On paper, I am a minority. My mother is black: half Kenyan, half Indian. My father is white. My skin varies from being a light olive to 3-4 shades darker when I am tan. My hair is brown and naturally wavy-curly. My eyes are brown. I have somewhat non-caucasian features, but my heritage is pretty indecipherable.

On paper I am a minority, but you wouldn’t necessarily know that when you see me. I come from a upper middle class family, I grew up in Switzerland, I got to travel a lot and I speak fluent english and french. In person, I can perform whiteness. I portray European-ness. But I know nothing else.

For years I have struggled with my mixed ethnicity because I don’t feel either Kenyan or Indian at all. I visited Kenya multiple times, my mother regularly made us chapati and biryani and painted our hands with henna. But at school I hung out with my friends of whom 80% were white. I could eat hundreds of chapatis, but that didn’t make me feel more Indian. I could spend time with a Maasai tribe and bead colorful necklaces for tourists, but that didn’t make me feel more Kenyan.

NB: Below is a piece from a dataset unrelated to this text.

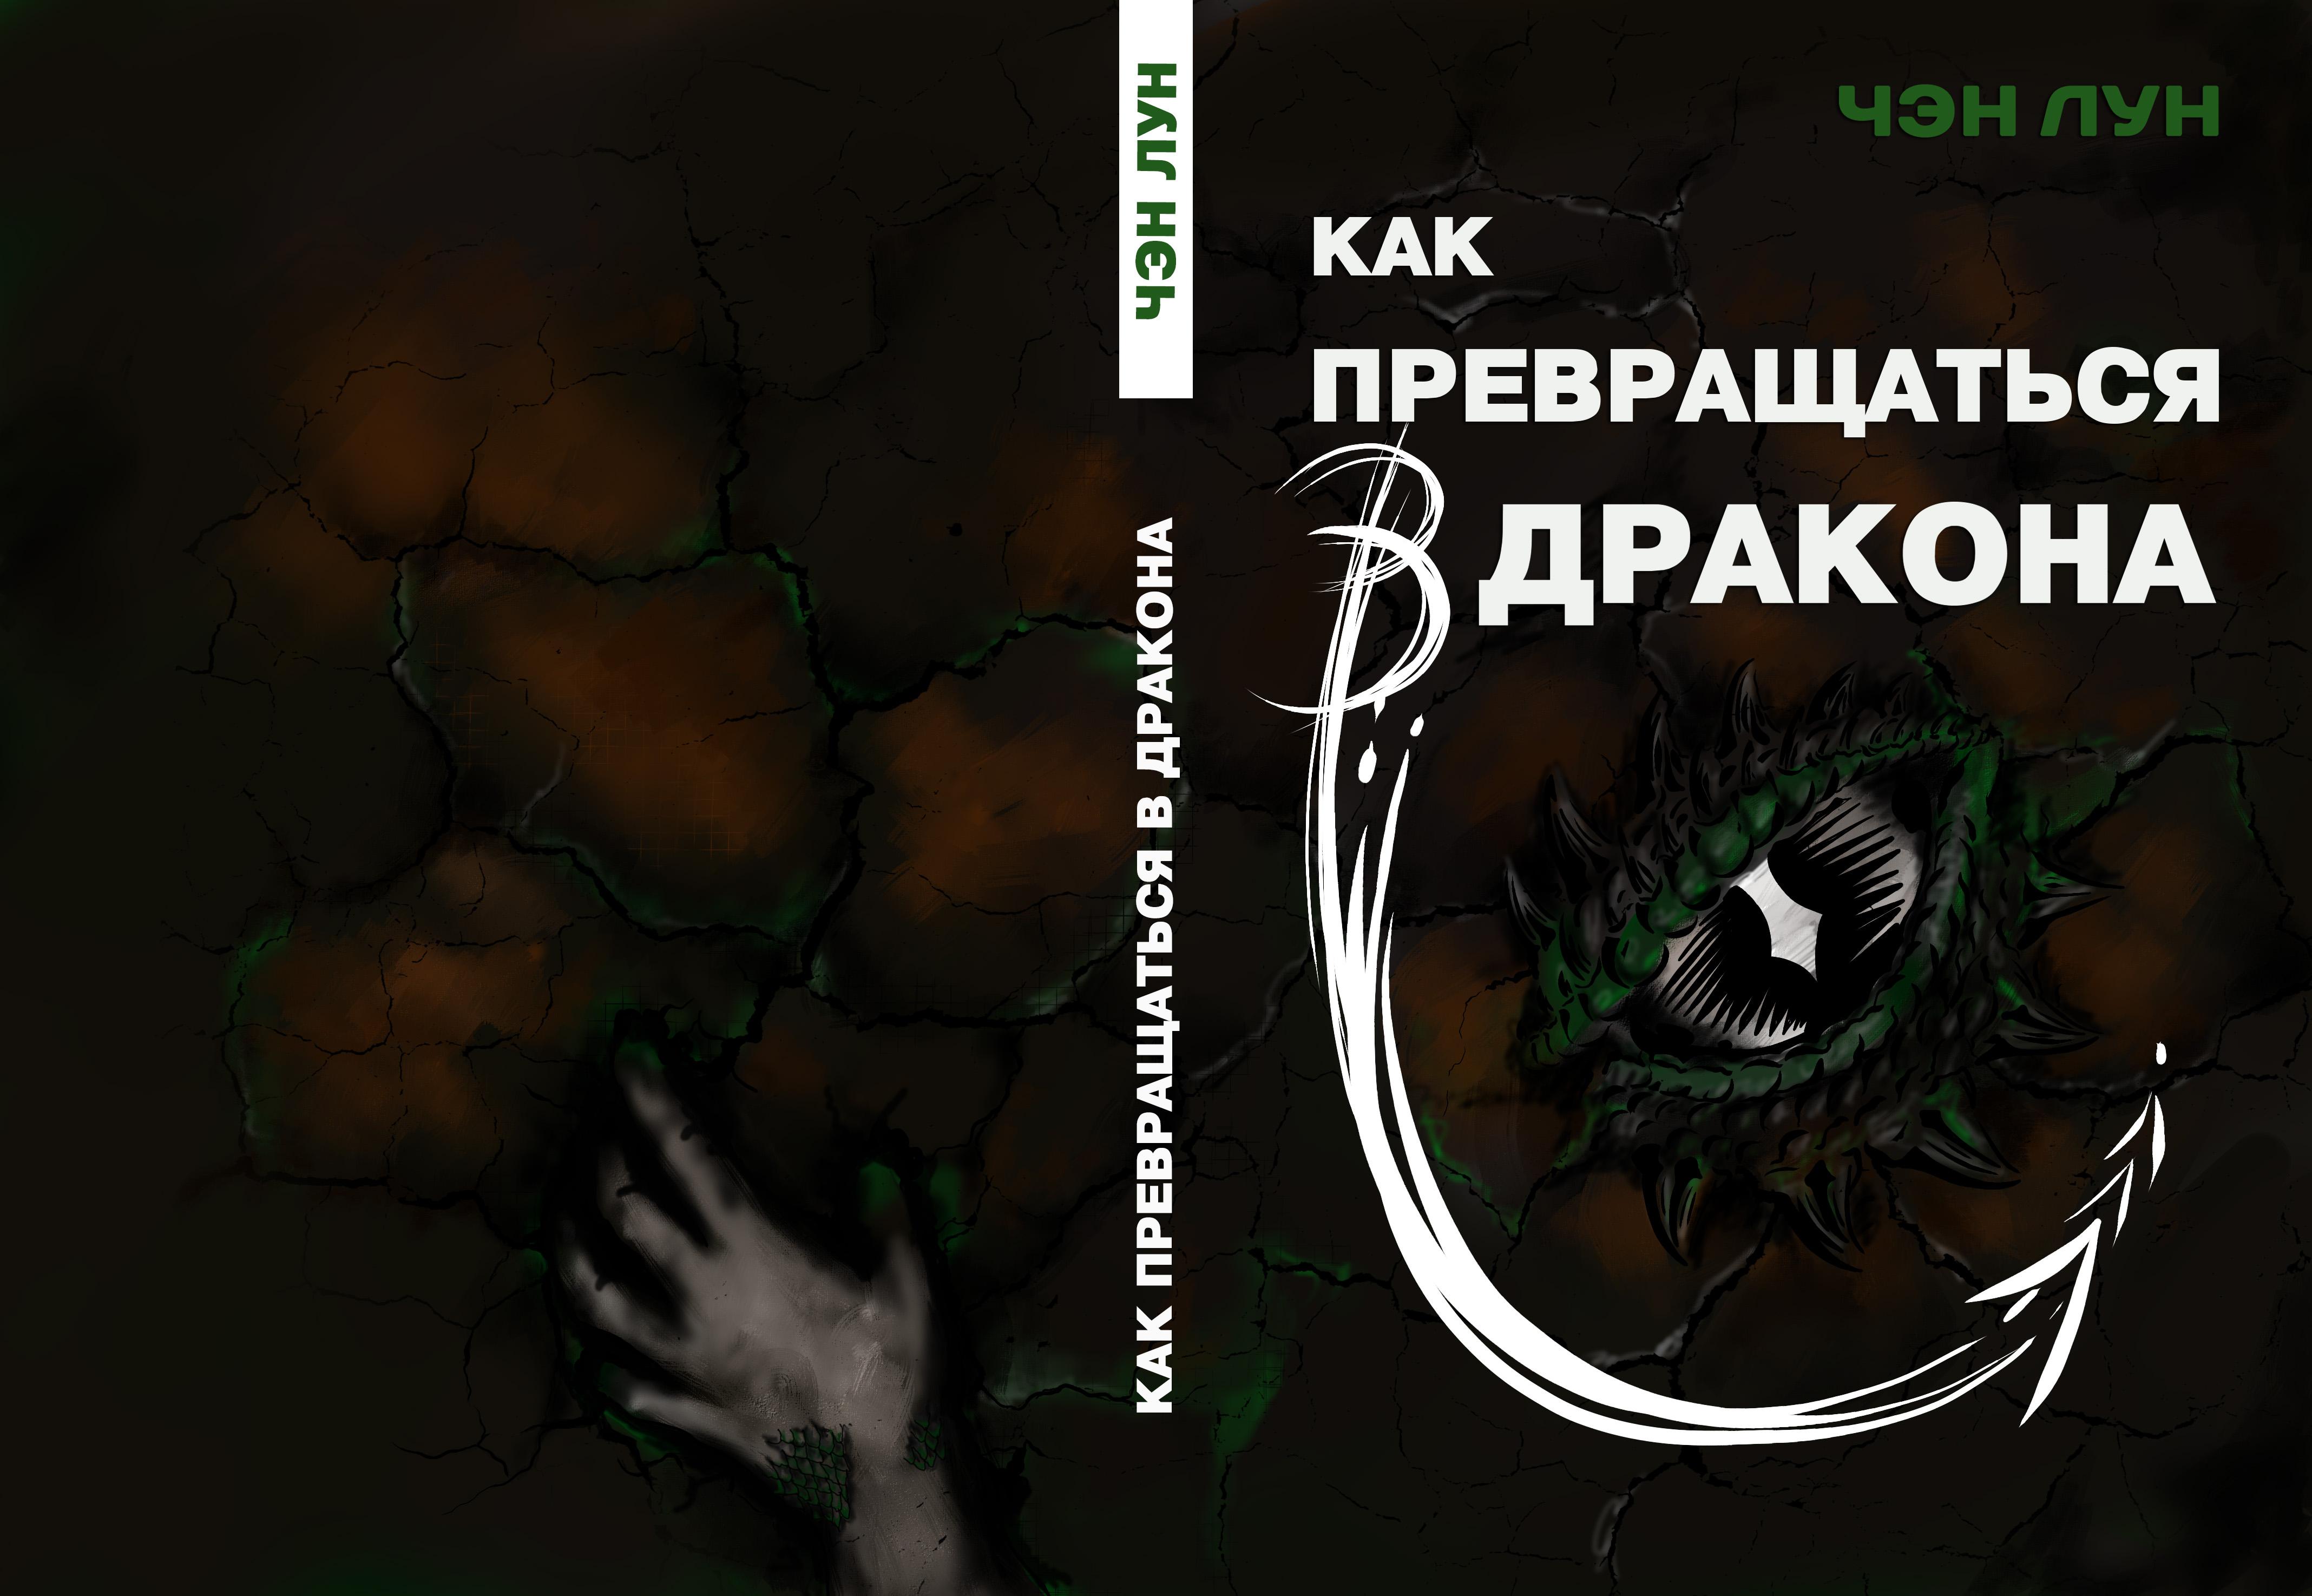 Обложка для книги фото f_6225f45e673382dd.jpg

I have struggled with my ethnicity because although on paper I am a minority, I wasn’t taught that I was. I wasn’t taught my mother’s cultures. I don’t know how to speak swahili or punjabi. This means that I cannot communicate with my grandmother and some of my relatives. I know little about being Kenyan or Indian, I have little in common with the maternal side of my family. My mother made me white, she denied me half of who I am.

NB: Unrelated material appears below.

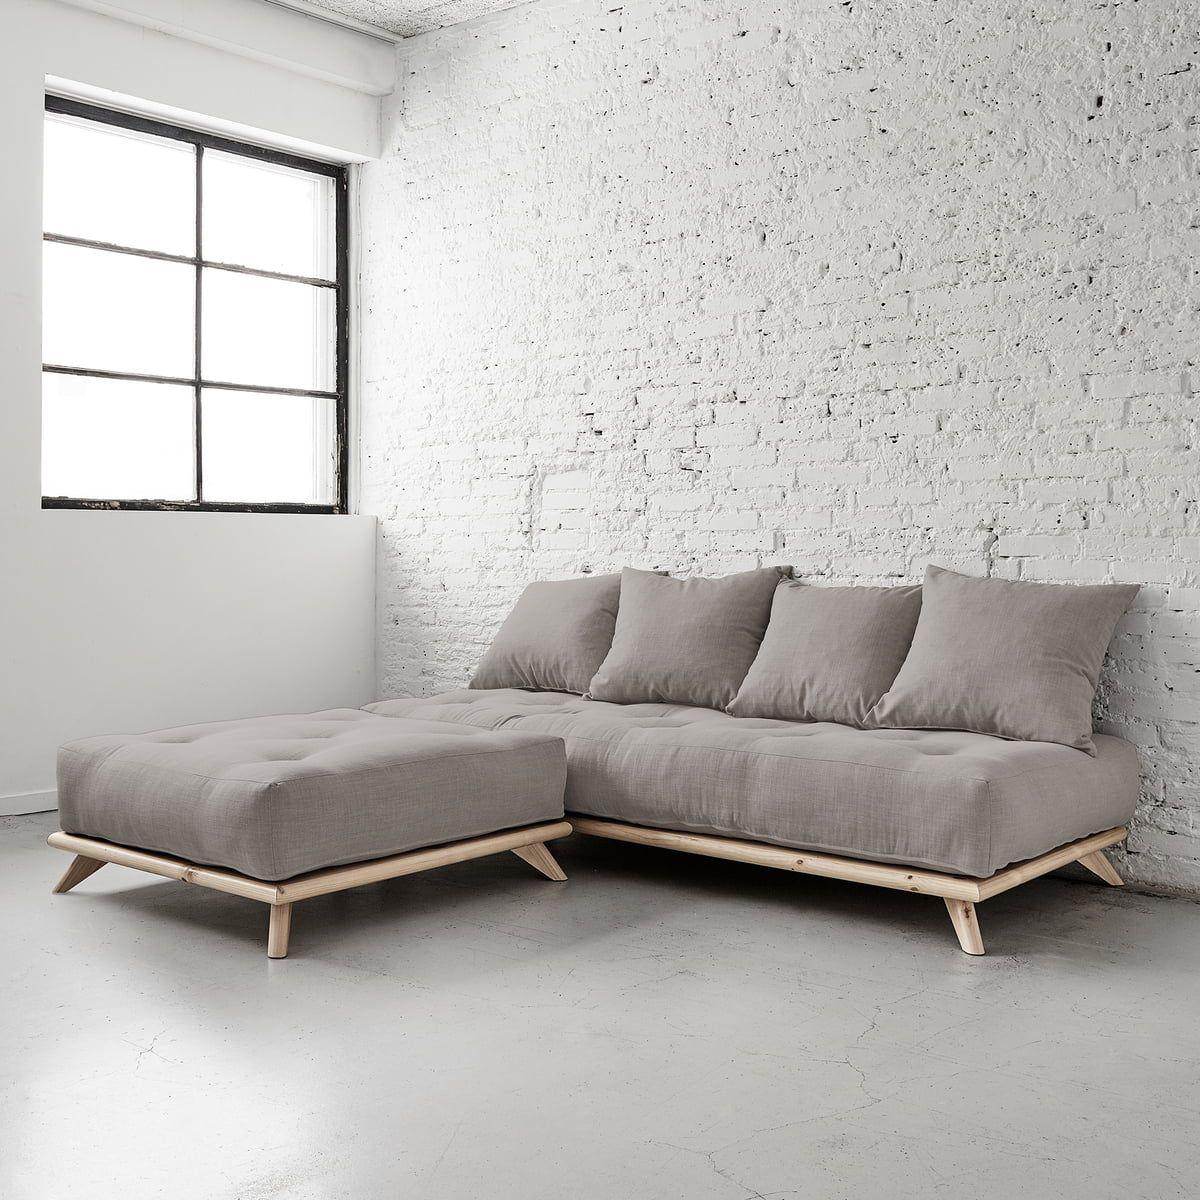 Karup Design Senza Sofa, Kiefer natur / granitgrau in

This is a rupture of my identity. I only know my whiteness and I feel guilty about this. I hate that I can only perform whiteness.

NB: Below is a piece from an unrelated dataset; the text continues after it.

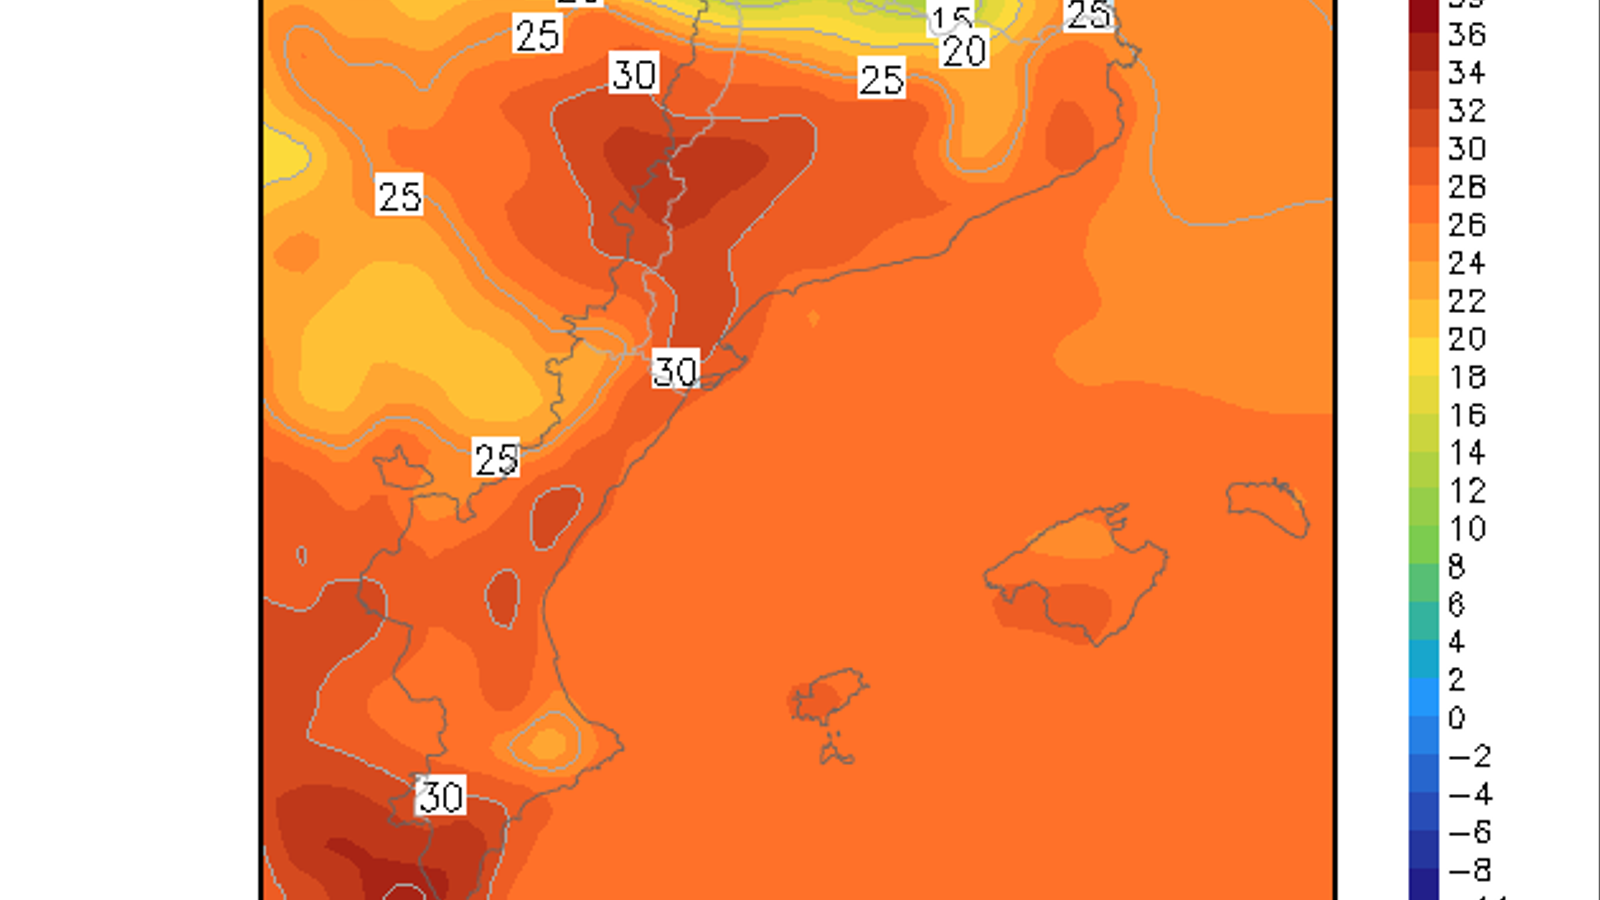 Temperatura màxima prevista per aquest dilluns / GFS 0.25 / ARA Méteo

I have been piecing together the ways in which my whiteness is a privilege, because understanding privilege is a good way to stop ignorance towards other minorities. Just because my mother is black does not mean that I have had the same experience as her. I cannot claim to understand the struggle of black women.

Learning about my privilege allows me to see the many incarnations of racism in the United States although it shelters me from experiencing systemic racism. The only forms of oppression that I have ever experienced are because of my gender.

I have however, experienced micro-aggressions based on my ethnic background, I have been told after I explained my heritage that,

“You’re lucky because you don’t look that black.”

Or the very common,

“You can’t be Swiss, you don’t look Swiss.”

Here in the US, people are sometimes uncomfortable when I reveal my non-whiteness or my Swiss nationality. All of a sudden I am not familiar, I am foreign, I’m not really American.

I am still absorbing the ideas of not quite identifying with my lost cultures but there are certain steps in my life that I would like to take in order piece together the bits of my life which I feel are missing.

In the following months and years I will be researching and reading about Indian and Kenyan feminism, I will read more literature from both too. I would like my ethnic background to help define my feminism. Who we are as people defines the goals we have and the changes we try to bring. Multi-ethnicity or bi-racial feminism is something that I am very excited to learn about and define for myself, and maybe some others too.